Keeping a Diary Can Help Your Journey:
A diary in its simplest form, is a record of each day - the interesting and the mundane things that happen in life, and your thoughts and feelings about both. Keeping a diary has many benefits and is good for your mental health, as it:
Gives you a place to vent your feelings, and a space to process difficult experiences safely and in a less stressful way. It helps you focus on both thoughts and feelings, and not just feelings.
Is a way to record your feelings and views and how they have changed over time. This means it can help you track personal developments over time.
Helps keep track your stress levels or episodes of depression.
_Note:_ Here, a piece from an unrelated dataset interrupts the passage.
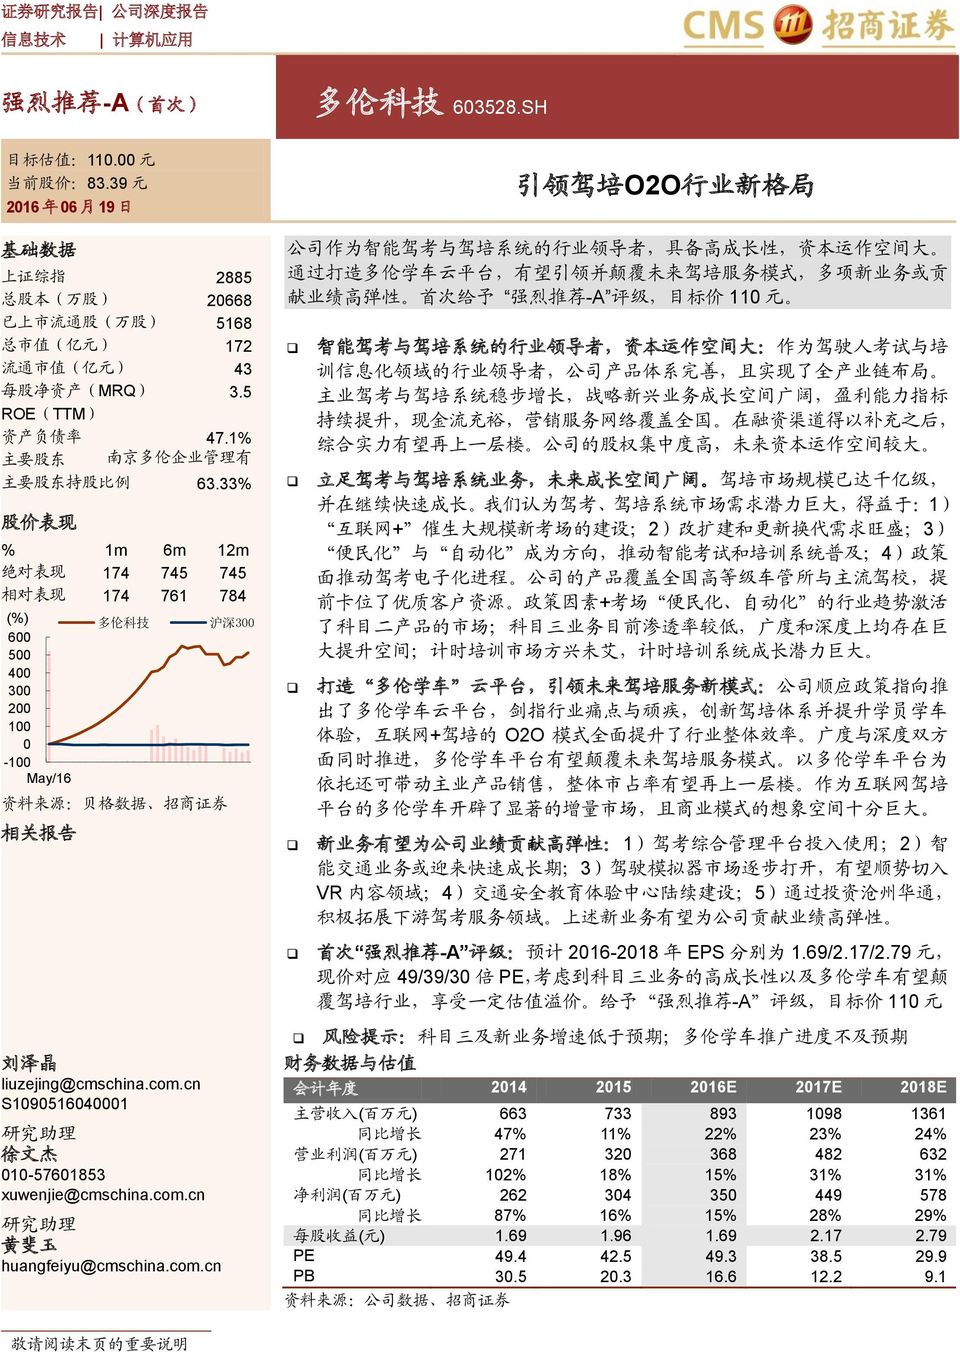 1% 主 要 股 东 南 京 多 伦 企 业 管 理 有 主 要 股 东 持 股 比 例 63.

Other Benefits to keeping a diary:
It helps improve your writing and become more creative in how you think
It can help you remember events and activities - a diary helps you record the times when you have demonstrated a skill and other successes. When you are applying for a job for example, you have a ready source of examples for job applications. Writing about positive events, and looking back on them, can also boost your self-esteem.
Paper or Electronic?
There is a huge range of electronic options as well as the traditional paper-based route. You could, for example, use:
A note-taking app like Google Keep or other diary apps.
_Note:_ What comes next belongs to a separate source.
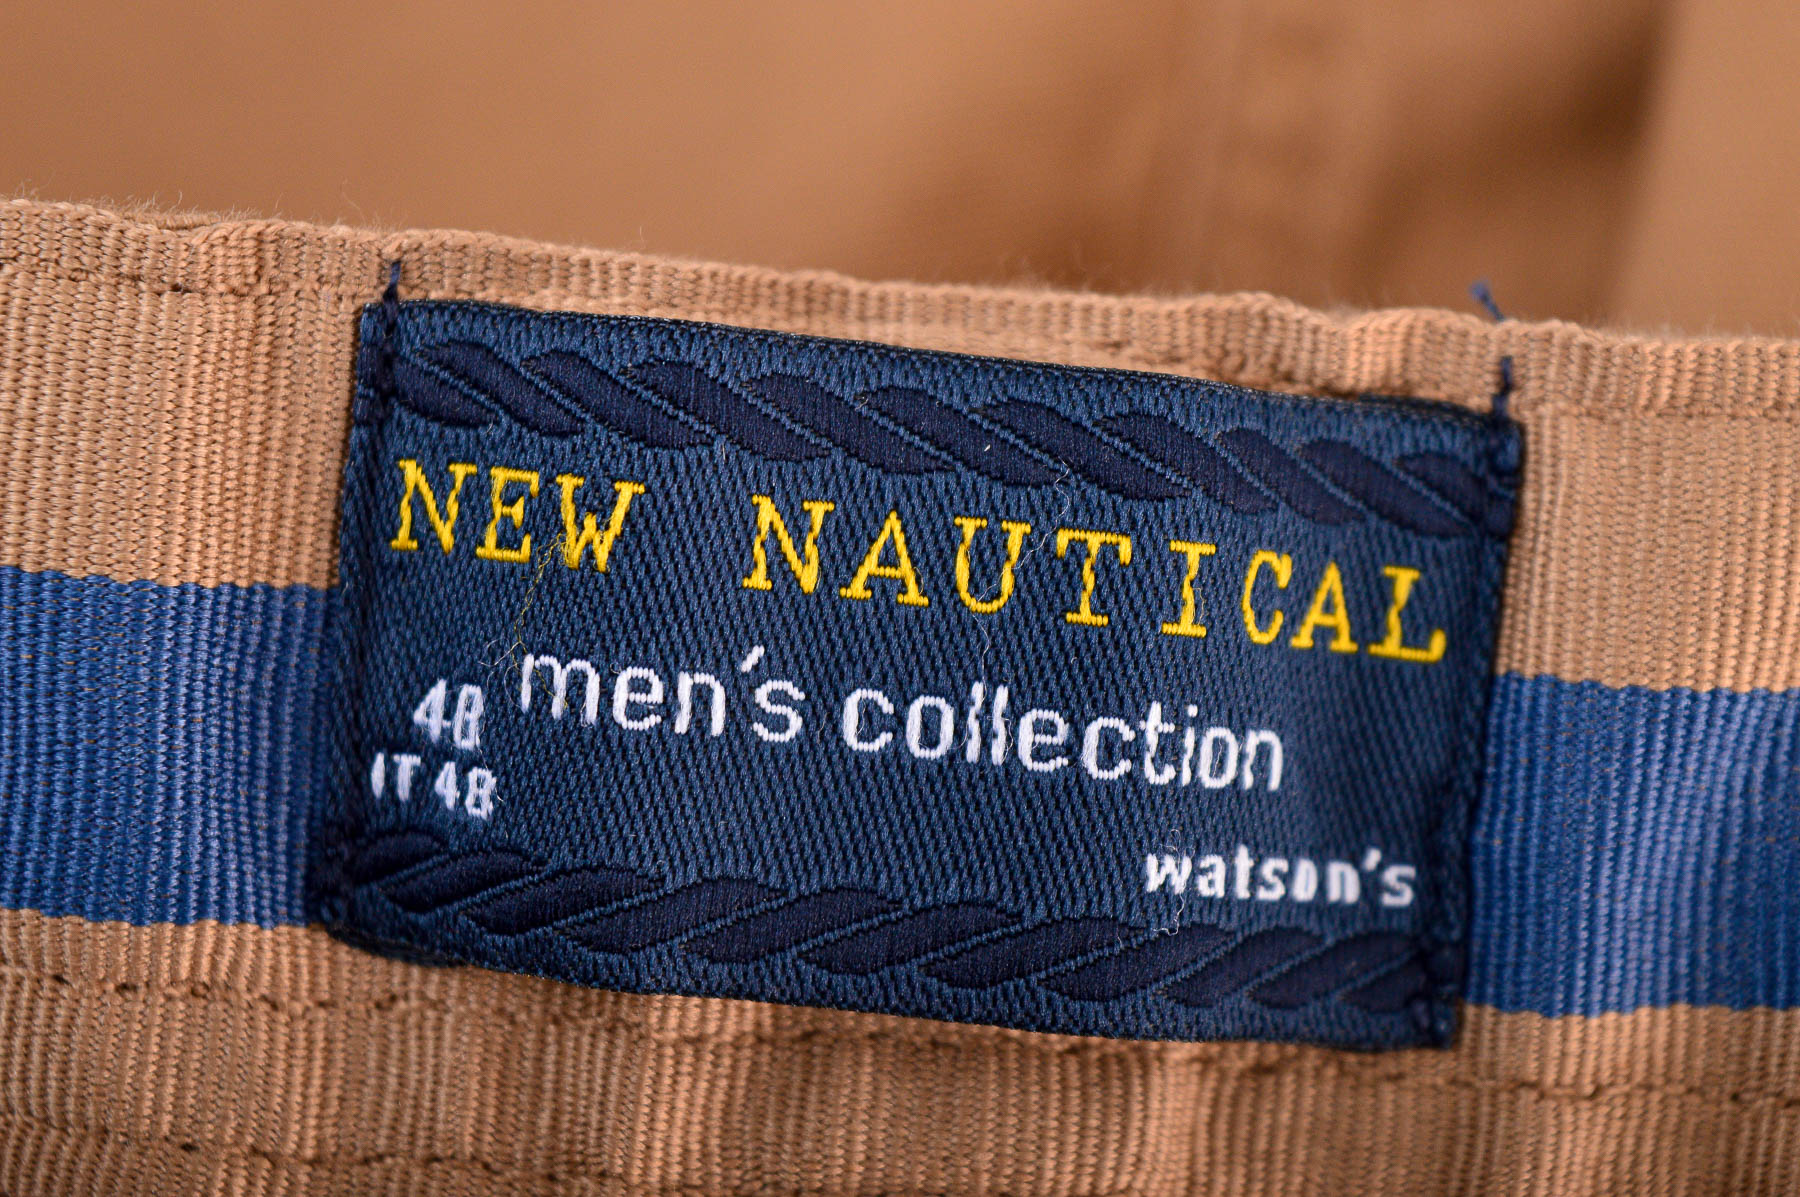 Men's trousers - Watson's - 2

A Word document stored on your laptop or in the cloud.
You could even go ‘open’ and keep a blog, sharing your thoughts with the world, and not just your diary.
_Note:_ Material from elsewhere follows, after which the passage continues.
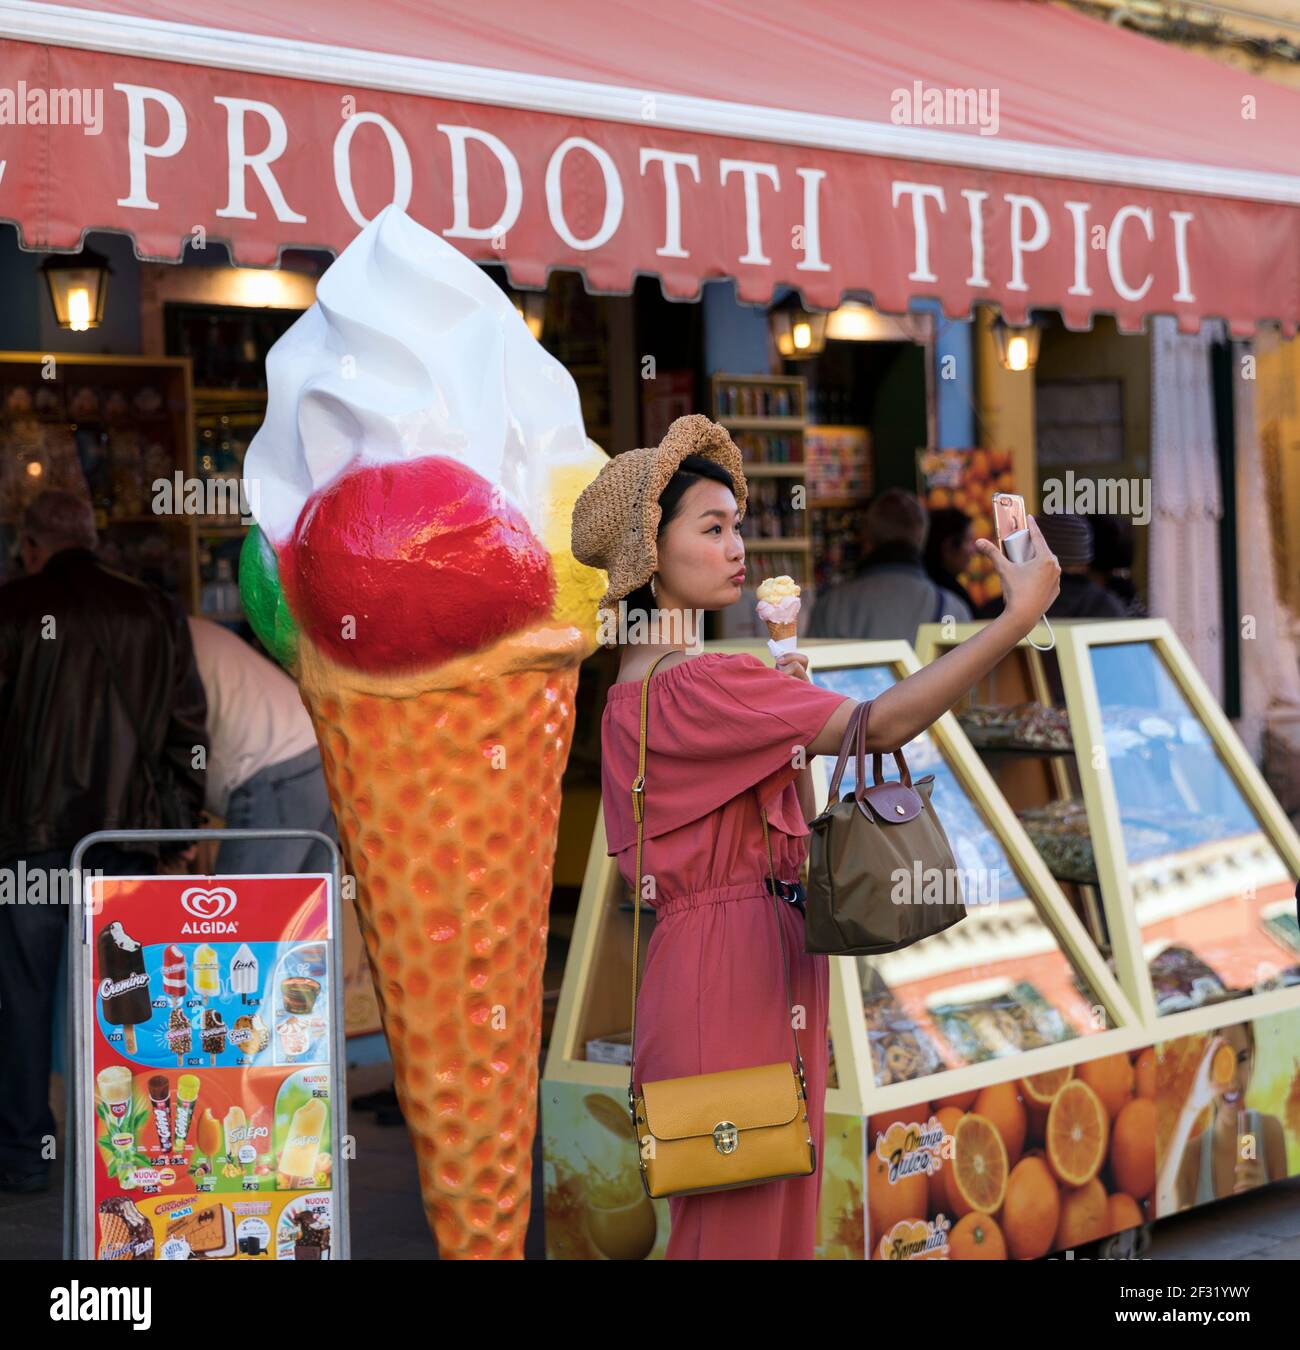 Italia,Venezia,Burano, giovane asiatica che prende un selfie con un gelato Foto Stock

Benefits of electronic options - Diary apps are quick and easy to access, and are private. Electronic back-ups in the cloud should mean that even losing your device does not mean that you have lost your diary. It is also easier to craft your thoughts more carefully, and to go back and change them later. This can help refine your thinking, however a disadvantage is that it will not show you your raw thinking when you look back, and may encourage you to spend more time than you really need on your journal.
Benefits of the paper-based option: it is completely private. Writing things down long-hand can also be useful practice in ordering your thoughts in advance, which is good if you will ever have to sit written exams.
Tips for Keeping a Diary:
Don’t worry, just write: Your only audience is you. Over time, you will find it becomes easier to write.
Try to write every day, but don’t panic if you miss a few days:
To develop the habit of writing, you may find it easier to develop a regular time slot: for example, just before you go to bed.
Write as if you were writing to a friend, or even your future self:
This will encourage a more informal writing style, and also help you to share information about your feelings and deepest thoughts.
Your diary does not have to be just a written record:
You can also draw or sketch, or stick in pictures from magazines or tickets from events and the like.
You can be negative, but remember to be positive too:
When you look back, there is a reasonable chance that you will have forgotten quite a lot of it. You want to be able to read it to feel good about the things that you have achieved.